Ce faisant, la Cour suprême des États-Unis met un terme à une controverse jurisprudentielle et doctrinale.

Selon certains auteurs et cours d’appel, tant les tribunaux que les parties pouvaient puiser à même l’esprit et la lettre des critères législatifs d’intervention des tribunaux (ceux des articles 10 et 11 de la FAA) pour réviser, voire annuler une sentence arbitrale pour un motif autre que ceux prévus dans la FAA, afin d’intervenir et de contrôler la sentence lors de son homologation. Là, les parties avaient prévu dans la convention d’arbitrage :

« [t]he United States District Court for the District of Oregon may enter judgment upon any award, either by confirming the award or by vacating, modifying or correcting the award. The Court shall vacate, modify or correct any award: (1) where the arbitrator’s findings of facts are not supported by substantial evidence, or (ii) where the arbitrator’s conclusions of law are erroneous. »

L’autre courant prône que ce n’est que lorsqu’un arbitre commet une erreur de droit manifeste, un « aveuglement » par rapport au droit qu’il se devait péremptoirement d’appliquer à la solution d’un problème que les parties lui avaient référé, que la FAA donne des pouvoirs d’intervention limités aux tribunaux.

Pour la Cour suprême, étant donné que la Loi (FAA) ne prévoit et n’énonce que des motifs précis et graves permettant à un tribunal d’intervenir a posteriori (conflit d’intérêt, partisannerie évidente, fraude, ultra vires…) à l’égard de la sentence, c’est que le législateur n’a pas voulu donner, ni aux tribunaux civils, ni aux parties, le pouvoir ou le loisir d’élargir ces motifs d’intervention. Il importe peu que la convention d’arbitrage soit un contrat. Le consensualisme ne permet pas de dénaturer le modèle voulu par le législateur et dont l’objectif premier est de donner à l’arbitrage un véritable statut indépendant. Les parties doivent s’attendre à l’homologation de la sentence (la FAA donnant au tribunal l’obligation de l’accorder) sauf si la partie attaquant la sentence peut faire valoir l’un des seuls motifs exclusifs d’intervention et de révision prévus aux articles 10 et 11.

Tant Hall Street que Mattel et les intervenants avaient souligné auprès de la Cour suprême les risques de cet arrêt quant à l’institution émergeante qu’est l’arbitrage. Selon Hall Street, ne pas permettre aux parties de s’entendre par convention quant à leur droit de contester la sentence pour des motifs autres que ceux énoncés aux articles 10 et 11 de la FAA sonnerait le glas pour l’arbitrage. Mattel, et les divers intervenants représentaient les chambres d’arbitrage, plaidèrent le contraire. Le juge Souter, rendant les motifs pour la Cour, refusa de prononcer, se contentant de souligner que la Cour se contentait de donner effet à la loi.

Au Québec, ce sont les articles 946, 946.4 et 946.5 C.p.c. qui traitent des moyens de contestation d’une requête visant à faire homologuer la sentence arbitrale.

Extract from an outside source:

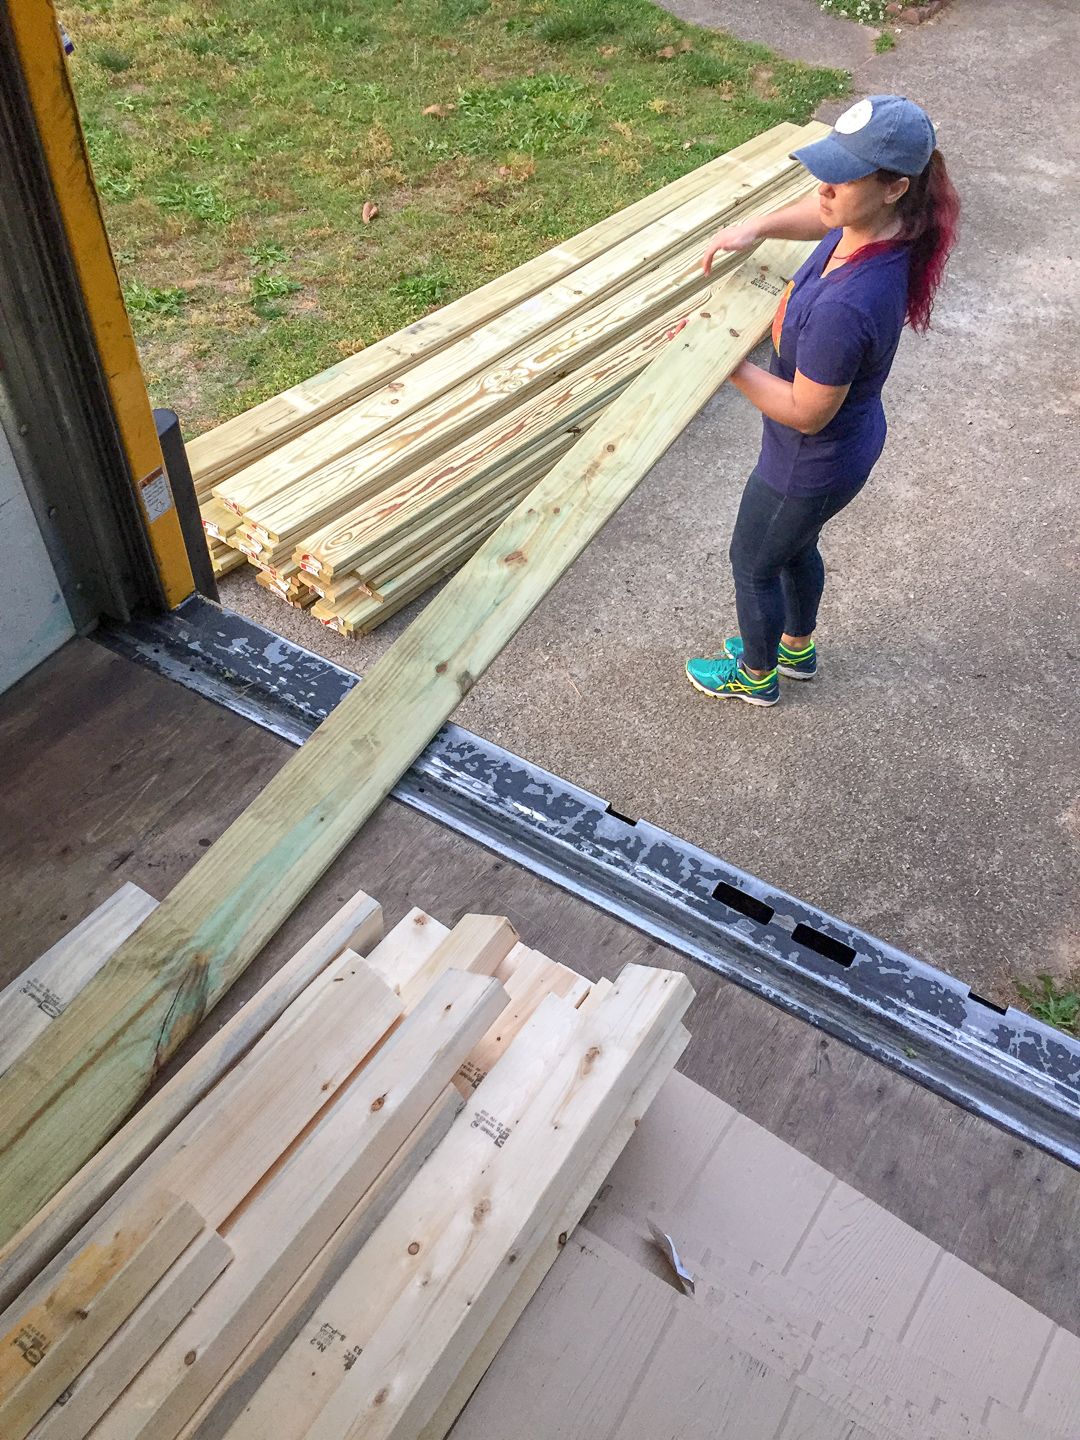 unloading lumber from truck
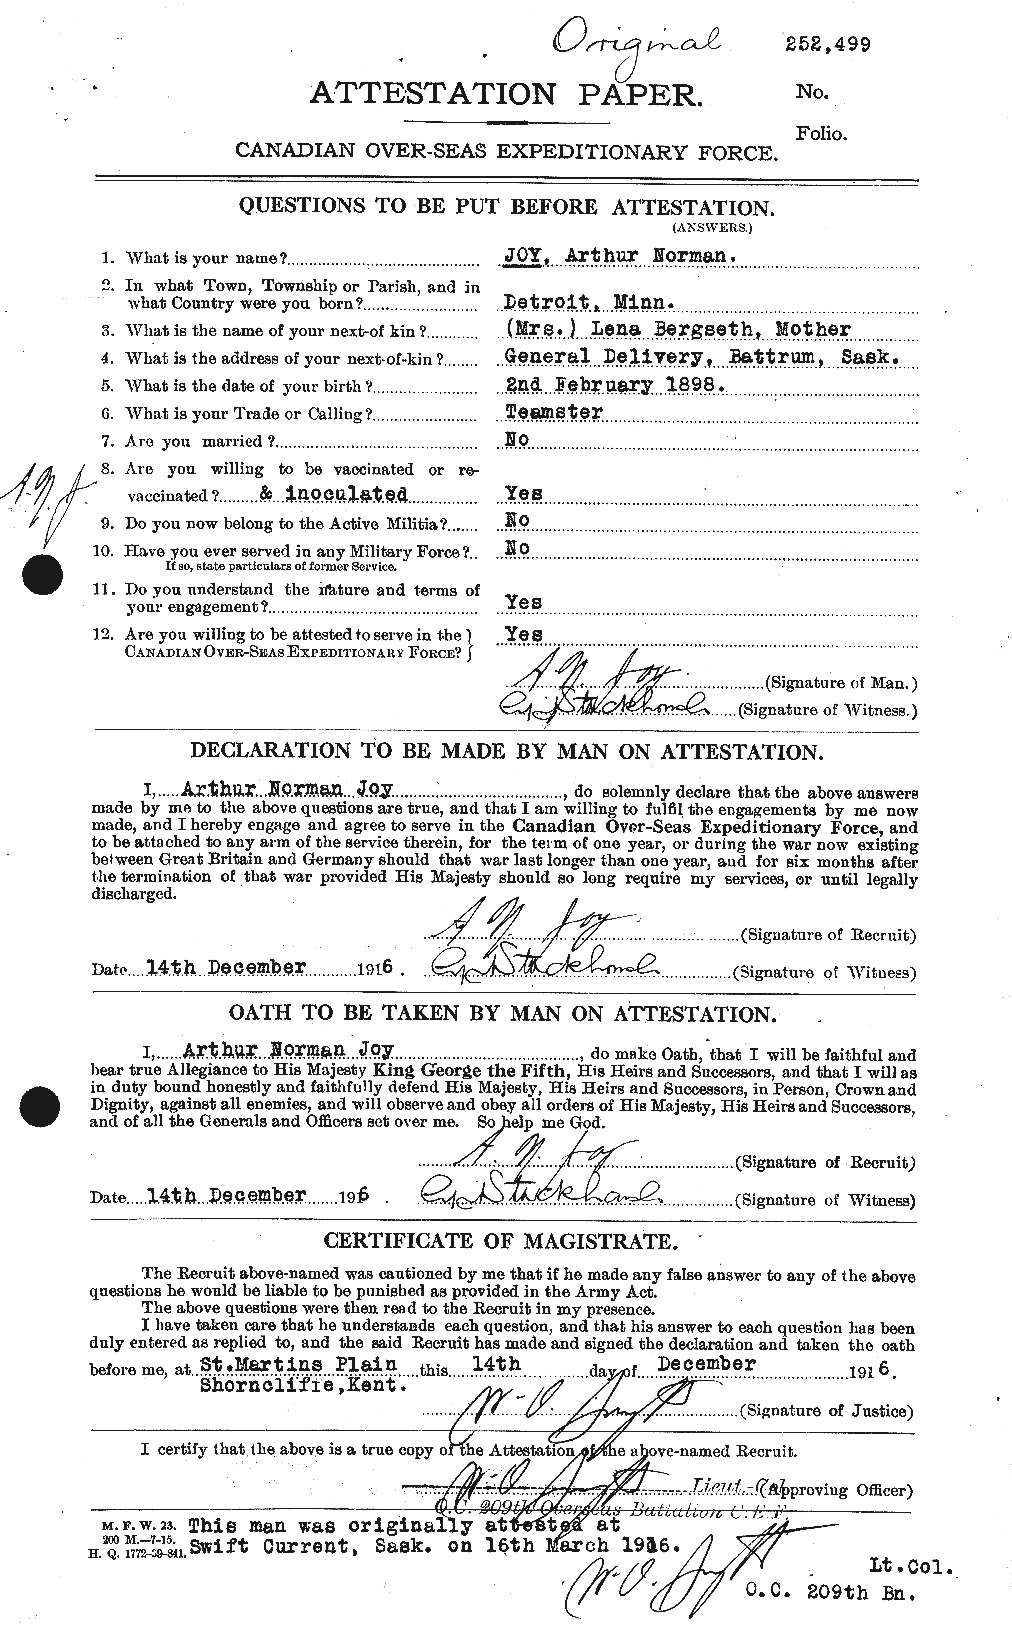 Dossiers du Personnel de la Première Guerre mondiale - CEC 426355a

On peut constater que les cas spécifiques prévus et donnant compétence aux tribunaux afin d’annuler la sentence sont aussi limitatifs que ceux ces articles 10 et 11 de la FAA. La Cour suprême du Canada a déclaré le caractère exhaustif des motifs prévus aux articles 946.4 et 946.5 C.p.c. pour qu’un tribunal puisse refuser l’homologation.

On peut donc conclure qu’il est probable que le raisonnement suivi dans l’arrêt Hall Street Associates soit valable en droit québécois. Il y a donc lieu de faire attention à la rédaction d’une clause d’arbitrage si l’objectif recherché est d’élargir le champ d’intervention des tribunaux au-delà de ce que le Code de procédure civile permet.

Par Laurent Debrun, avocat chez Kaufman Laramée, à Montréal.